QUINN: Yes. I think it’s devastating. I think it’s devastating for people who, they’re exhausted with having to live with a chronic illness they had no choice in getting and they’re doing the best dang job they can. I think it’s why I wrote the chapter in my book about the diabetic food police because. Still to this day. On a weekly basis because obviously I'm very public with living with diabetes. People, no matter what’s on my plate, Paige, if it’s a bun, a piece of bread, if its spaghetti, especially if it’s a cookie. Even if it’s diet Mountain Dew people will say are you sure you should be eating that, Quinn?

PAIGE: Oh, my goodness. So, yeah if we think it’s hard to have our friends talk about food so much or talk about their weight so much try adding on having diabetes as a diagnosis. Then, all of a sudden, everyone’s policing your food whenever you’re trying to just have a fun social time with them. That’s got to be so hard. I know I hate that feeling of people watching me and judging me while I eat.
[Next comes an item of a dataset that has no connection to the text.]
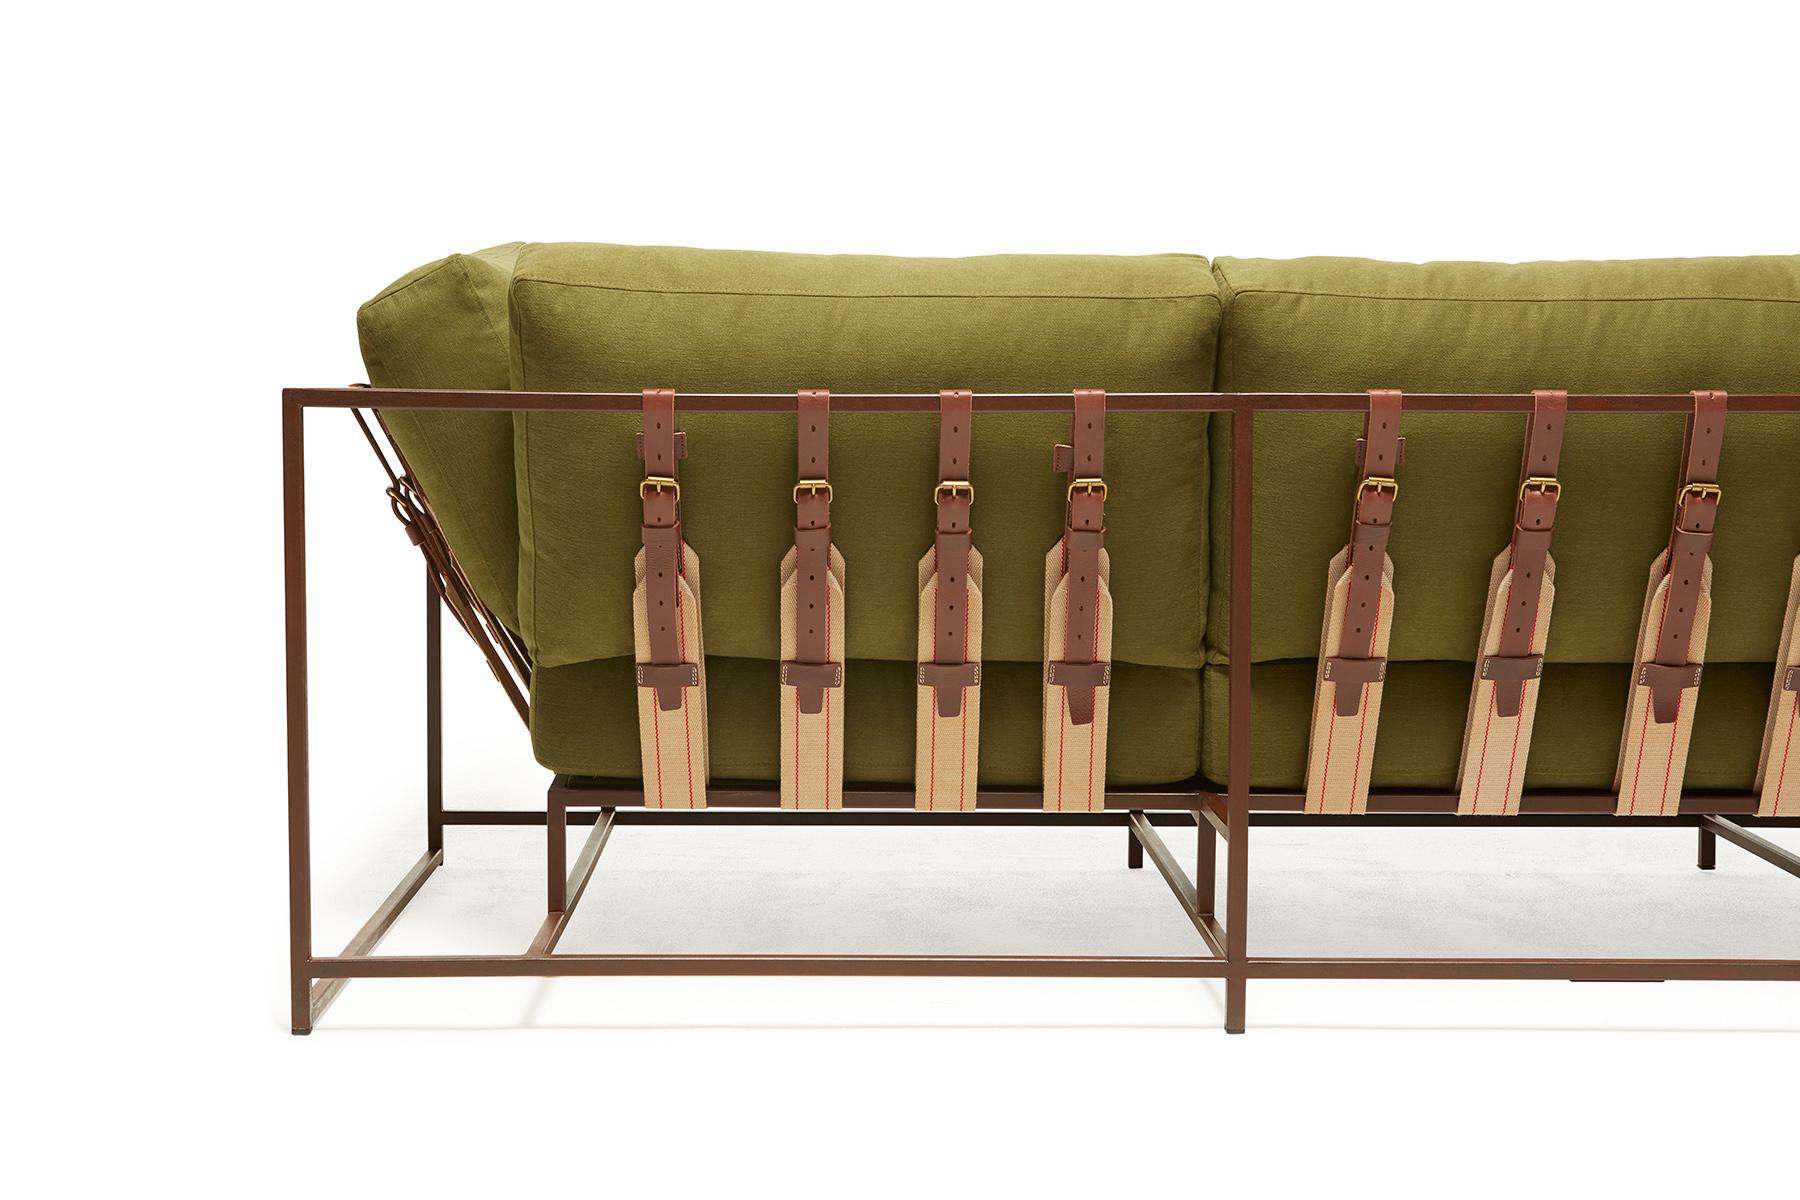 Metalwork Olive Twill Canvas and Marbled Rust Sofa For Sale
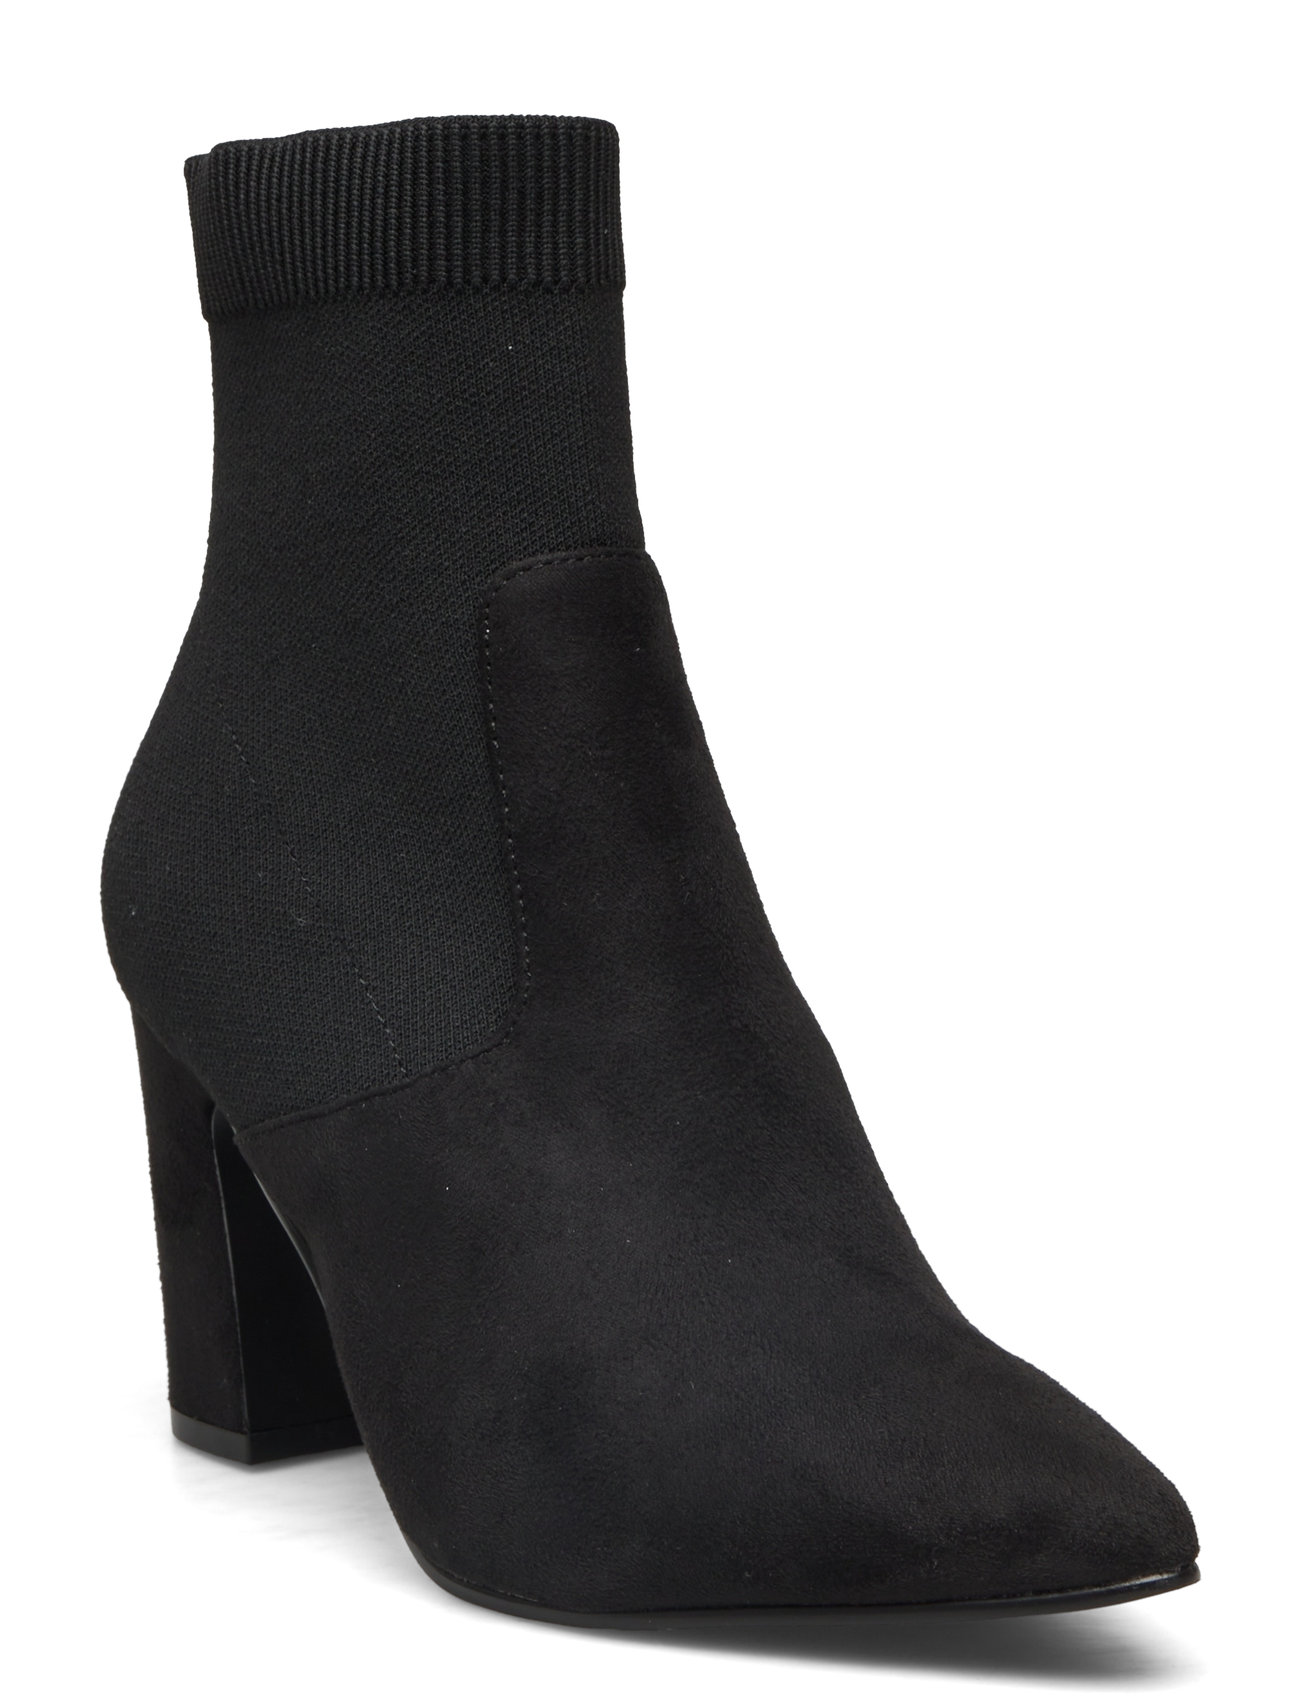 Research Bootie Shoes Boots Ankle Boots Ankle Boots With Heel Black Steve Madden

QUINN: Well, because I think living with an eating disorder, you are already a full-time police for yourself. You are your own worst critic. You say a lot of very negative thoughts to yourself about what you’re eating, your activity, about your weight, about clothes, how you look. And now, you compound that with what people, and again, I believe they have a, I don’t think they’re saying it maliciously to you. But, they believe they’re trying to help you. And, so, it’s very awkward because you’re sitting at this big table and then everybody’s looking at you. So, I think for me a way that it manifested was then I believed I could use diabetes as an excuse to not eat things, right? And I could get out of it by saying oh I have diabetes I can’t eat that. Which is not true. but I think my disorder then just sort of raged with inside myself. I was so insecure. And in a way, I think I was exhausted and burned out from having to feel like I had to constantly justify a piece of bread that I was going to eat.

PAIGE: It’s almost like. You do this cost benefit analysis in your head. Either I eat in front of people and they hound me about every bite or here’s this other option. I just avoid the whole situation by not choosing to eat around people or not having to deal with that conversation so I just won’t choose to eat that and I’ll just use the excuse of well I have diabetes. I can totally see why that developed for you. That’s so exhausting.

QUINN: I think it just became this very bad cycle for me. That just continued for years. Without ever.

PAIGE: So, you were someone who would still dose your insulin but just wouldn’t eat adequately.

QUINN: Mhm. Yeah. To me, I almost looked at. You know, I had an insulin pump starting at seventeen. For me, I wouldn’t “manipulate the insulin” in the sense of eating more for the insulin I was given. I would give the correct dosage but I would limit the amount of insulin I was giving on a daily basis. So, I would restrict what I was eating.

PAIGE: To match that.

QUINN: Yes. Because I thought I need this perfect A1c but I have to be this perfect diabetic. If I'm going to speak about it I need to be respected and that’s.

PAIGE: Right. That’s a lot of pressure.

QUINN: Yeah. I felt a lot of pressure and I felt like nobody cared to hear what I was struggling with.

PAIGE: So, as a teenager, I've heard you talk about how a boy asked you if he could kiss you. Do you want to tell that story? Do you mind?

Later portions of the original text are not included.